Enfin la Providence sembla favoriser notre évasion, car la nuit était des plus sombres; tout faisait présager un orage prêt à éclater, ce fut effectivement ce qui arriva; mais toutefois nous réussîmes avant que le crépuscule parut et que l'horizon s'éclaira, à mettre une bonne distance entre nous et ceux qui nous poursuivaient.

Mon expérience dans la vie des bois m'avait fait connaître une plante dont la friction aux pieds trompe le flair du plus fin limier qui précède les dogues qu'on lance à la poursuite de l'esclave marron.

Le jour, nous transportions à quelque distance dans les bois notre embarcation qui n'était rien autre chose qu'un canot d'écorce, puis, la nuit tombée, nous reprenions la rivière et notre frêle nacelle, poussée par le courant et nos énergiques efforts volait sur la surface des eaux avec la rapidité de l'alouette.

Dans la nuit de la troisième journée, nous aspirâmes à pleins poumons les émanations salées de l'océan. Nous entrions dans la baie de Charlestown, Caroline du Sud. Là devaient commencer pour nous de nouvelles angoisses. A qui s'adresser pour prendre ce bâtiment français qui était eu partance? Nous résolûmes une dernière fois de risquer le tout pour le tout, et convînmes de nous donner la mort réciproquement si nous avions à tomber entre les mains de ces infâmes bourreaux qui s'appelaient des planteurs, possesseurs d'esclaves.

Nous débarquâmes silencieusement dans un endroit écarté et prîmes une rue obscure. Nous errâmes longtemps dans cette rue bordée de tabagies de toute espèce, lorsqu'enfin, quelques accents français mêlés de jurons énergiques vinrent frapper mon oreille.

Immédiatement, je donnai mes instructions au nègre, lui enjoignant de ne pas dire un seul mot, et de paraître dans un état complet d'ébriété. Nous entrâmes dans cette tabagie, nous heurtant l'un sur l'autre et d'une voix enrouée: "Moricaud disais-je, nous prenons une bordée; gare à nous! l'ancre n'est pas fixée dans les ports des Frères de la Côte."

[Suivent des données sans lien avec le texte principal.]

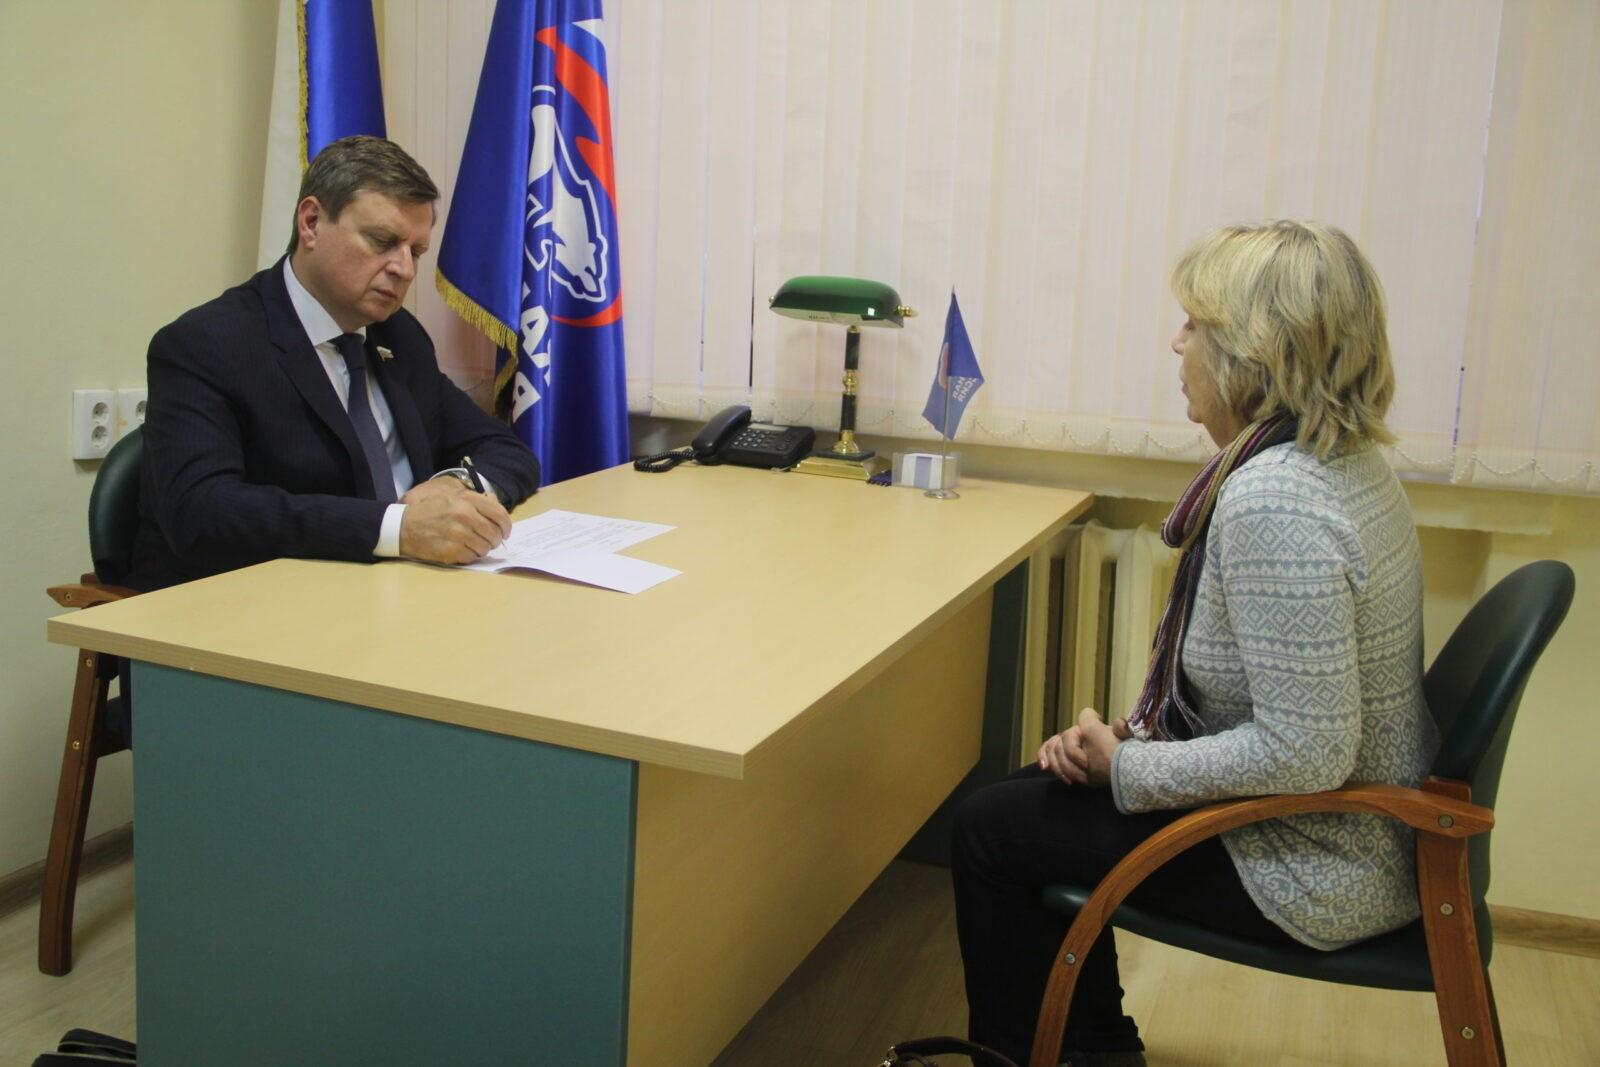 Андрей Епишин: Ни одно обращение не должно оставаться без внимания

Ici est le temps de le dire, les habillements que notre bienfaitrice nous avait fournis pour notre déguisement consistaient en chemise de toile, chapeau goudronné, vareuse de matelot.

Oh! noble fille! sois à jamais bénie dans les tiens et tout ce que tu as de plus cher pour cette prévoyante attention......

La salle dans laquelle nous entrâmes avait une atmosphère chargée de nuages épais de fumée de tabac. On y sentait une odeur de grog insupportable.